The dragon re-folded his wings, watching Isolde with every move she made. Suddenly, his eyelids fell downward, and there was a pain—guilt in his eyes. If he were a puppy, he probably would have whined. He knew that the truth had been told; Athena knew.
The girl gave him a reassuring smile. "It's alright, Claudius. I know. I know that you…" Her stomach turned over onto itself. "I know you were only trying to—" she sighed. "Ma told me about when you met each other. And I—" her brows furrowed. "I forgive you."
Claudius's shoulders dropped, and his eyes softened. He placed his large head upon the ground at Athena's feet.
Athena smiled. "It's alright, Claudius." She looked down at his tail, which had somehow—
"No!"
She ran to it, and reached out, touching the silver that was now fusing itself into his scales, making his flesh rot like a horrid disease.
"I don't understand…" Athena fell to the floor, crying.
"I think I do," Isolde said.
Athena turned, facing her mother, eyes wide.

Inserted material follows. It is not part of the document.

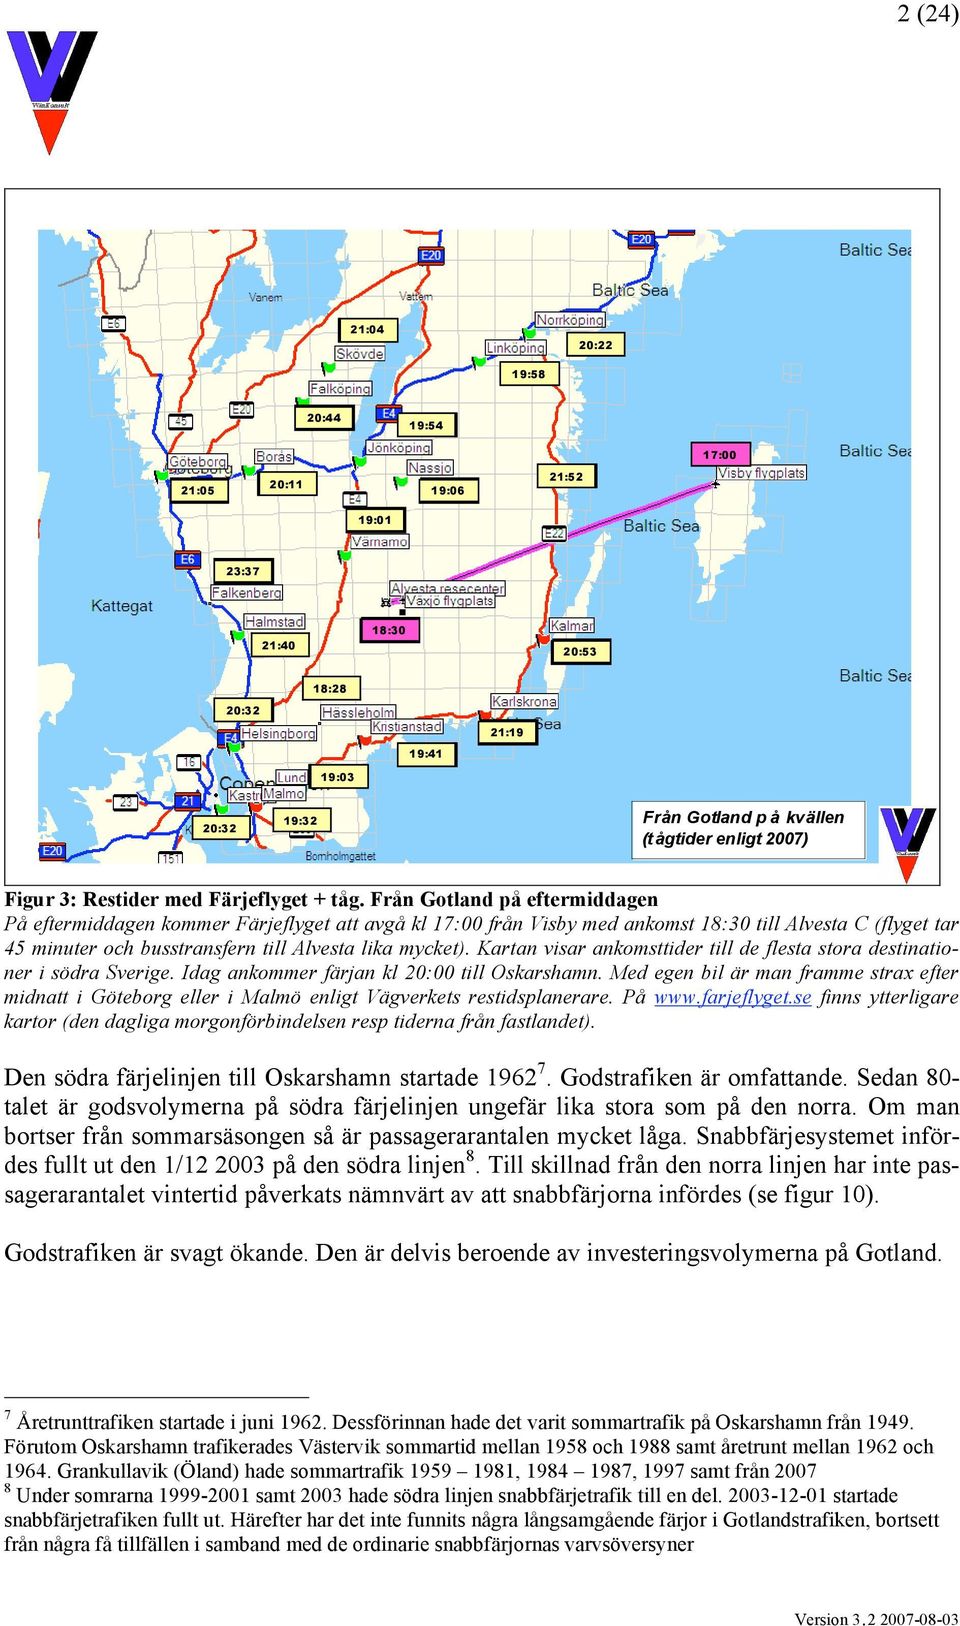 Från Gotland på eftermiddagen På eftermiddagen kommer Färjeflyget att avgå kl 17:00 från Visby med ankomst 18:30 till Alvesta C (flyget tar 45 minuter och busstransfern till Alvesta lika mycket).

Claudius huffed shallow breaths.
"Sir Claudius can only be safe when someone is afraid of him, yes?" Isolde said, looking down at his silvery tail.
Athena's eyes broke open—the floodgates had been set free.
"Yes! Yes, that's it! You're afraid of him and so it must be y—"
"No, Athena. You are."
~❦︎~
Isolde tapped her foot against the stone floor, making dull thud sounds that echoed throughout the chambers.
"I wonder what's taking that tea so long," she said.
Claudius humphed and turned over onto his side. His tail had turned back silver again.
"Poor Athena." Isolde rubbed her temples. "I don't know what I'll do, Sir Claudius. When she started panicking, I- I just didn't know what to do." The woman got up off of the floor and commenced pacing. "I only hope that she doesn't blame herself for your condition."
Claudius groaned and a puff of smoke came out of his nostrils.
"I know, I know. She shouldn't think like that, but… my Athena is just that way." Isolde smiled, looking off into the distance. "When it's someone or something she truly cares about, she'll fight as hard as she can to protect them." Dusting off her dress, Isolde laughed, but with a slight pain in her eyes. "You know, on the way here, Sir Claudius, she asked me to begin praying to the púcaí. Pleading with them to somehow heal you. I tried to explain to her it might not end up the way she had intended, for the púcaí work in mysterious ways. We can't always have what we want."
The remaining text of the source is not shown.